Can Climate Risk Insurance Shield Bangladesh From Environmental Perils?

    LightCastle Analytics Wing
    LightCastle Analytics Wing
    Climate Risk Insurance

    Bangladesh is the seventh most vulnerable country to natural disasters in the world as per the Climate Risk Index 2000-2019 [1]. During 2016-2020 economic losses due to natural disasters in Bangladesh ranged from 0.8 to 1.1 percent of GDP. A number of cyclones including Roano (May 2016), Mora (May 2017), Fani (May 2019), Bulbul (November 2019), and Amphan (May 2020) hit the coastal areas of the country. The monsoon floods in 2020 engulfed more than 36 percent of the country and impacted 30 districts in the Northern, North Eastern, and South-Eastern regions [2]. 

    In 2020, global losses due to natural disasters amounted to US$ 210 billion, only 39% of which was insured, making insured losses of US$ 82 billion [3]. With a Non-life insurance penetration ratio of only 0.16% in 2020, one of the lowest among the Asia Pacific countries, it is easy to understand that the uninsured losses due to disasters and climate change in Bangladesh are significantly higher than that of other countries [4]. 

    The Intergovernmental Panel on Climate Change (IPCC) has identified Bangladesh as one of the countries that will be hard hit by the anticipated effects of climate change in the coming days.
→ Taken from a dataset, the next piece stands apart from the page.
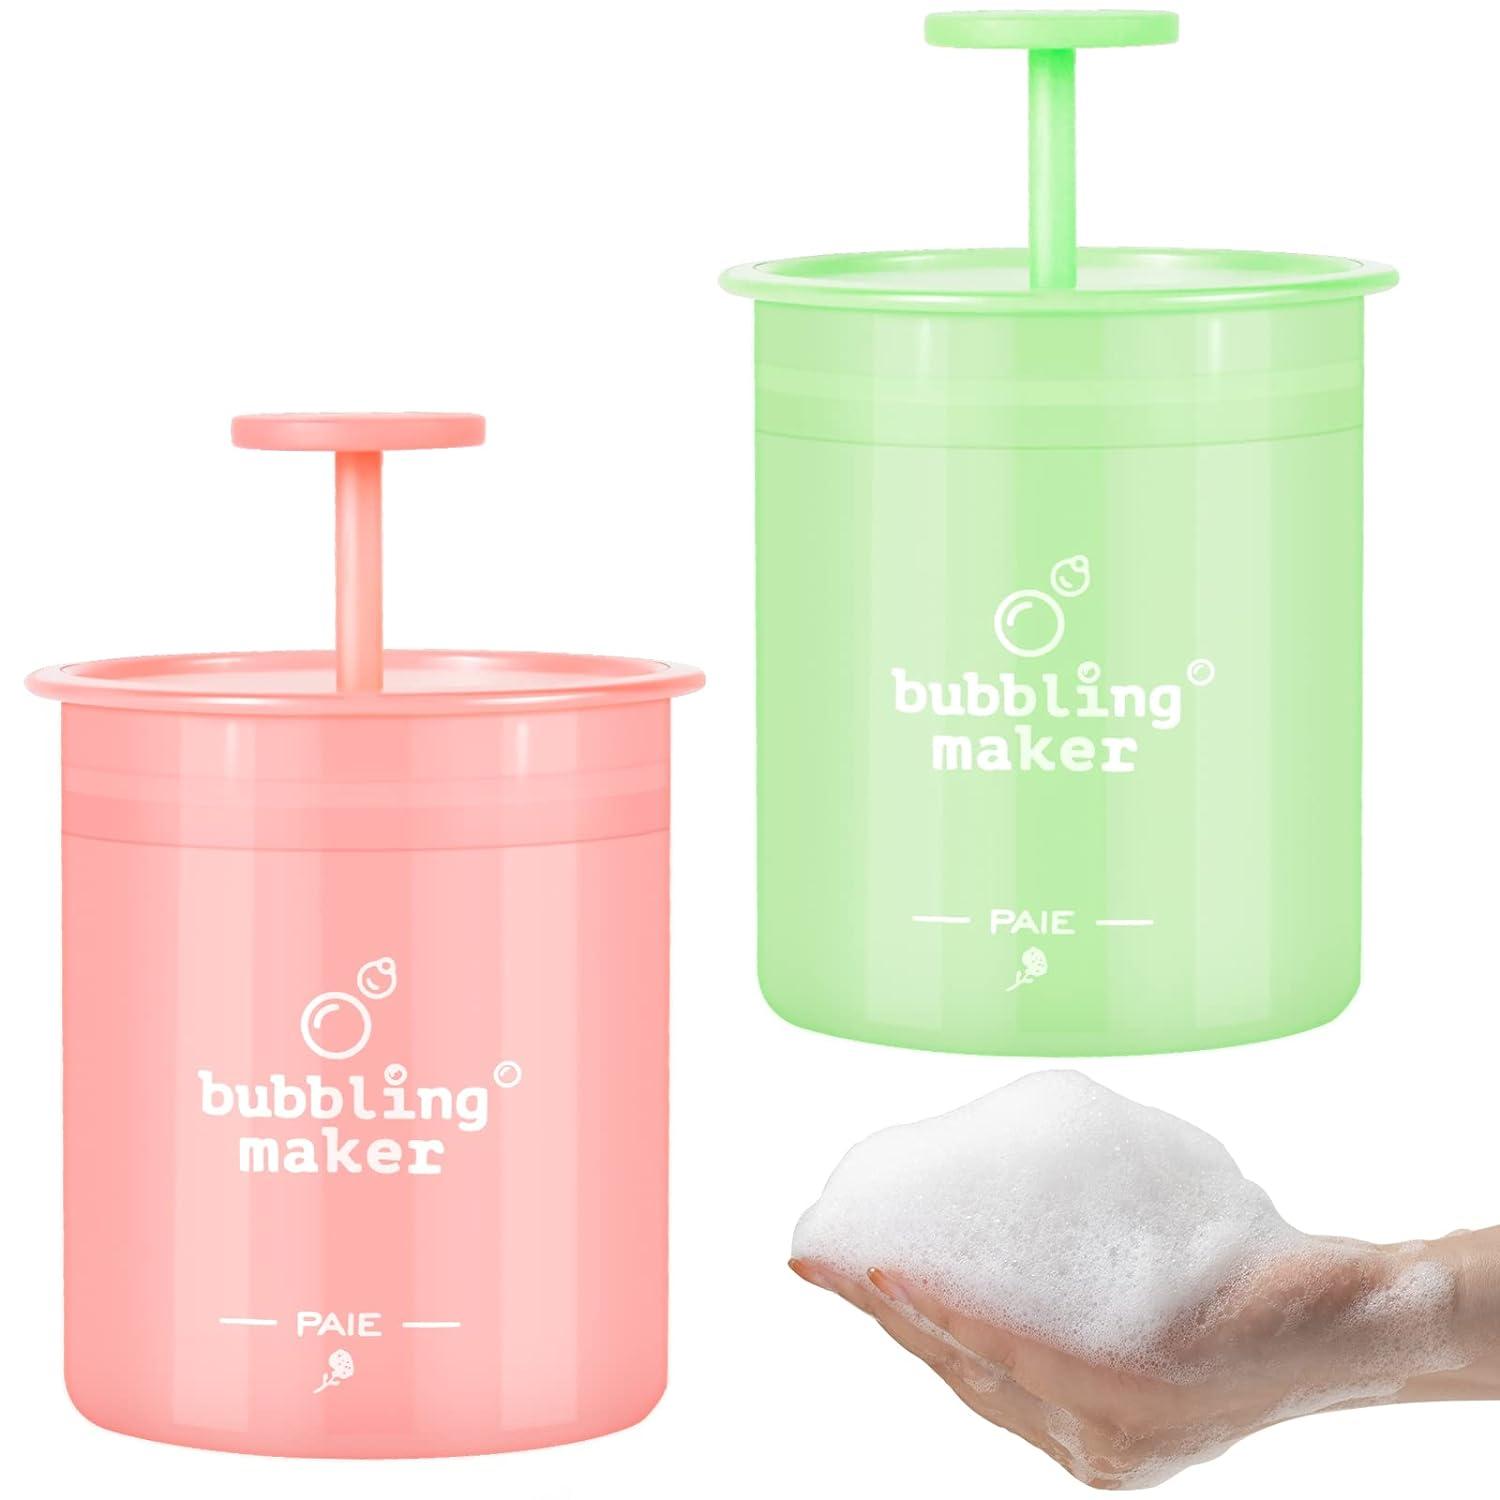 Pack Wash Cleansing Maker Foam Skincare Shampoo Facial Facial 2 Cleanser(Red+Green) Bubble Marshmallow Face Foamer Maker Maker Foam for Maker Cleanser Gentle Foam Whip Face Wash Marshmallow Whip

According to the report, there is high confidence that coastal hazards will increase leading to flooding in low lying areas [12]. By 2050, 1 in every 7 people in Bangladesh will be displaced by climate change [5]. With high exposure to frequent and high-risk climate and weather events, there has been a heavy emphasis on the need for integrated climate and disaster risk financing to build greater resilience and protect individuals and communities. Though nascent, the importance of Climate Risk Insurance (CRI) as an integrated tool against climate risk is being recognized.

    What is Climate Risk Insurance (CRI)?

    In 1991 at the 46th Session of the United Nations General Assembly the Climate Risk Insurance (CRI) came into global policy discourse [6]. Climate risk insurance (CRI) scheme is a financial safety net against the negative impacts of extreme weather events. CRI aims to enhance the ability of households in vulnerable countries to deal with climate shocks, reduce the economic push factors of migration and improve their ability to reduce threats to food security. It is based on a preparedness approach.

    CRI is already in effect in other parts of the world. For instance, in 2017, the German Federal Ministry for Economic Cooperation and Development (BMZ) joined forces with the UK, Fiji, Ethiopia, and the World Bank to launch the InsuResilience Global Partnership for Climate and Disaster Risk Finance and Insurance Solutions, as a joint G20 and V20 (Vulnerable Twenty Group) initiative [7]. 

    A study conducted by GIZ RFPI on 22 countries in Asia and the Pacific region, with special focus on Bangladesh, Indonesia, the Philippines, and Vietnam found that in the disaster risk management frameworks (DRMFs) present in the region, only 14 of the 22 countries have some form of contingency funds. In the majority of the countries, CDRI (climate disaster risk insurance) is not part of the integrated DRMF. There are only 5 sovereign risk transfers and 6 disaster risk insurance programs. These are the Pacific Catastrophic Risk Insurance Company, South East Asia Disaster Risk Insurance Facility, The Philippines City Disaster Insurance Pool, World Bank Catas­trophe Bonds for the Philippines and Maldives, CAT DDO, and PEM facility [8]. 

    Climate Risk Insurance (CRI) in Bangladesh       

    Almost a decade ago, the government earmarked US$ 400 million to set up the Bangladesh Climate Change Trust Fund but allocations since have not kept pace at the same level [8]. In 2019, the 15th International Conference on Inclusive Insurance focused on Coping with Climate Change was held in Bangladesh. In recent years, the Bangladesh Government has become more committed to support the development of the national insurance sector and work with international partners to deploy climate risk management solutions. 

    Banks and financial institutions in Bangladesh now need to allocate at least 10% of their Corporate Social Responsibility budget for the Climate Risk Fund. This funding can be done in both ways-by providing grants or financing at reduced rates of interest [9]. In 2020, BDT 476.8 million (US$ 5.6 million) has been utilized from climate risk funds by banks and NBFIs as grants and no concessional loans [9]. 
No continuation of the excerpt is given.